Re: Name advice: check license of dependencies
On Tue, 1 Nov 2005, Chris Dolan wrote: Thanks for the feedback Mark and Sam. I chose Module::License::Report and posted my implementation to CPAN this afternoon. Bravo and thanks. Further feedback would be VERY welcome, as the module uses a few sketchy heuristics to guess at the license. To mitigate the uncertainty, I made it report a confidence number so the user can set a sketchiness threshold. The confidence is just a guess, but it's better than nothing. I'm thinking the next version should use multiple algorithms to guess the license and report higher confidence if they all agree. That sounds even cooler. Perhaps a flag or a different function names could be used to get results as one license with one confidence value or multiple licenses per component with each having a seperate confidence. Each would have its place. On a side note, I discovered that using Data::Dumper on my output object causes memory use to go through the roof. I think Data::Dumper is chasing into the CPANPLUS data structures and thrashing my machine.

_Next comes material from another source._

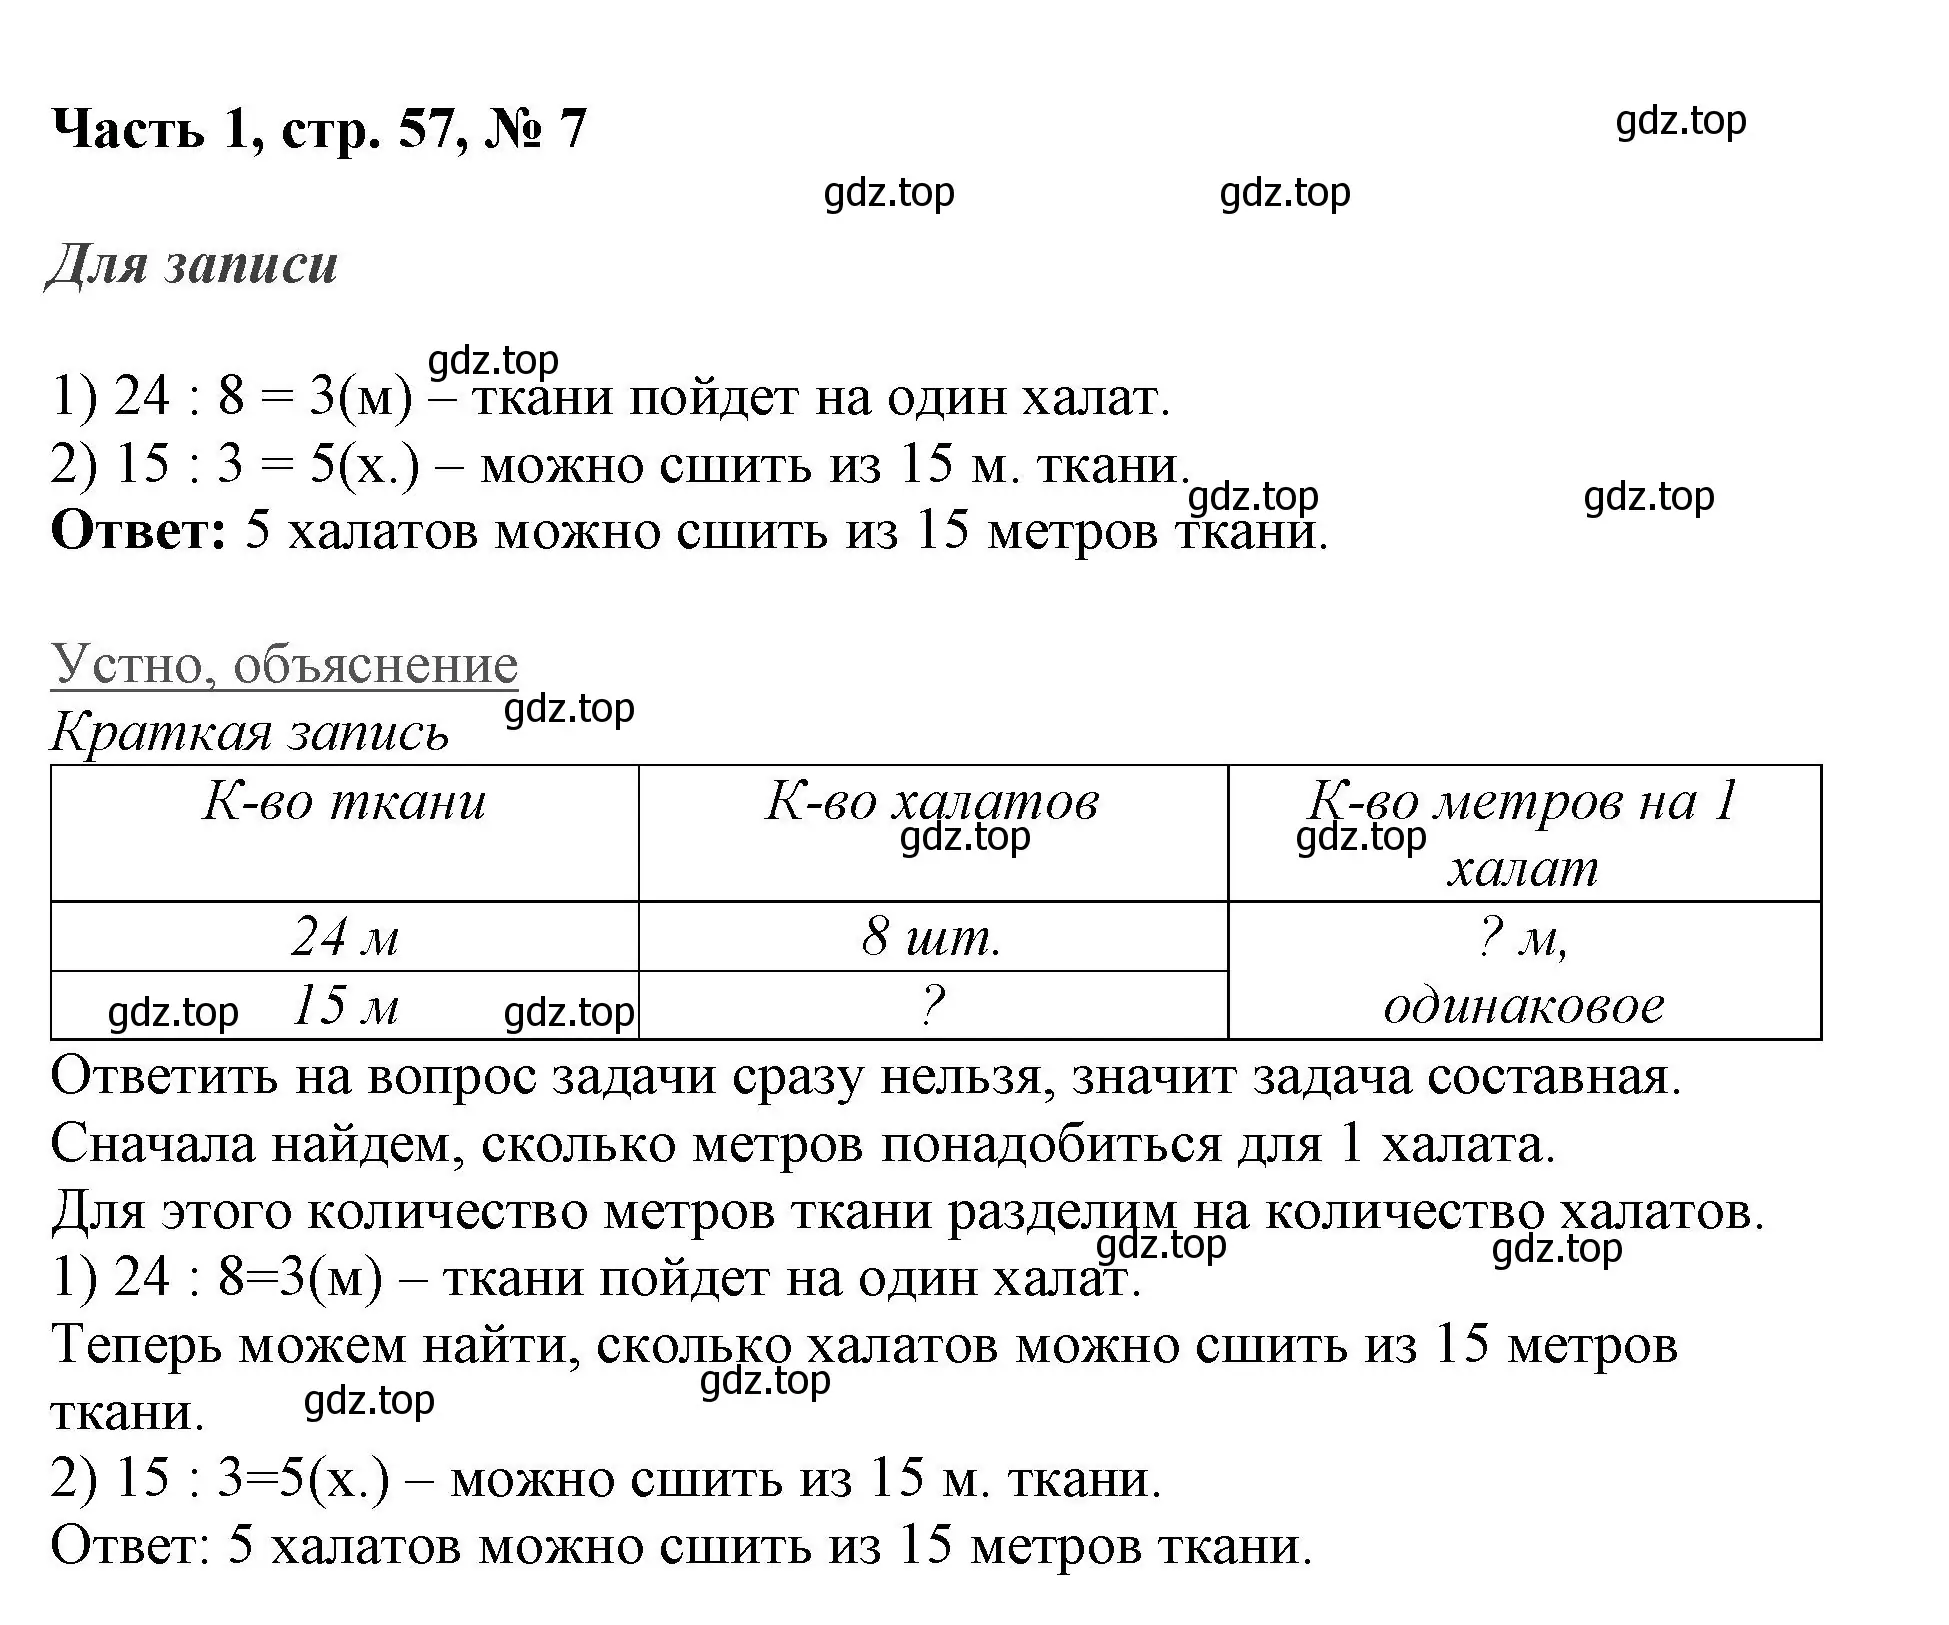 Решение номер 7 (страница 57) гдз по математике 3 класс Моро, Бантова, учебник 1 часть

Is anyone familiar enough with CPANPLUS internals to know whether Data::Dumper problems are well known, or if I've stumbled on some new bug? Data::Dumper is only good for looking at small chunks of stuff. Its very very very inefficient and there have been cases where Data::Dumper failed to produce something that could be eval'd back in once upon a time and eval'ing the result is inefficient too. Storable for the win here. Storable does everything Data::Dumper does poorly well and oopsy we don't care about presenting it visually. So use Storable for storing. Data::Dumper is just for glancing. -- /chris John Lundin once shaped the electrons thusly: Ah. Okay, on the nice to do list. (Which in practice translates to won't do unless it becomes inconvenient or is fixed upstream.)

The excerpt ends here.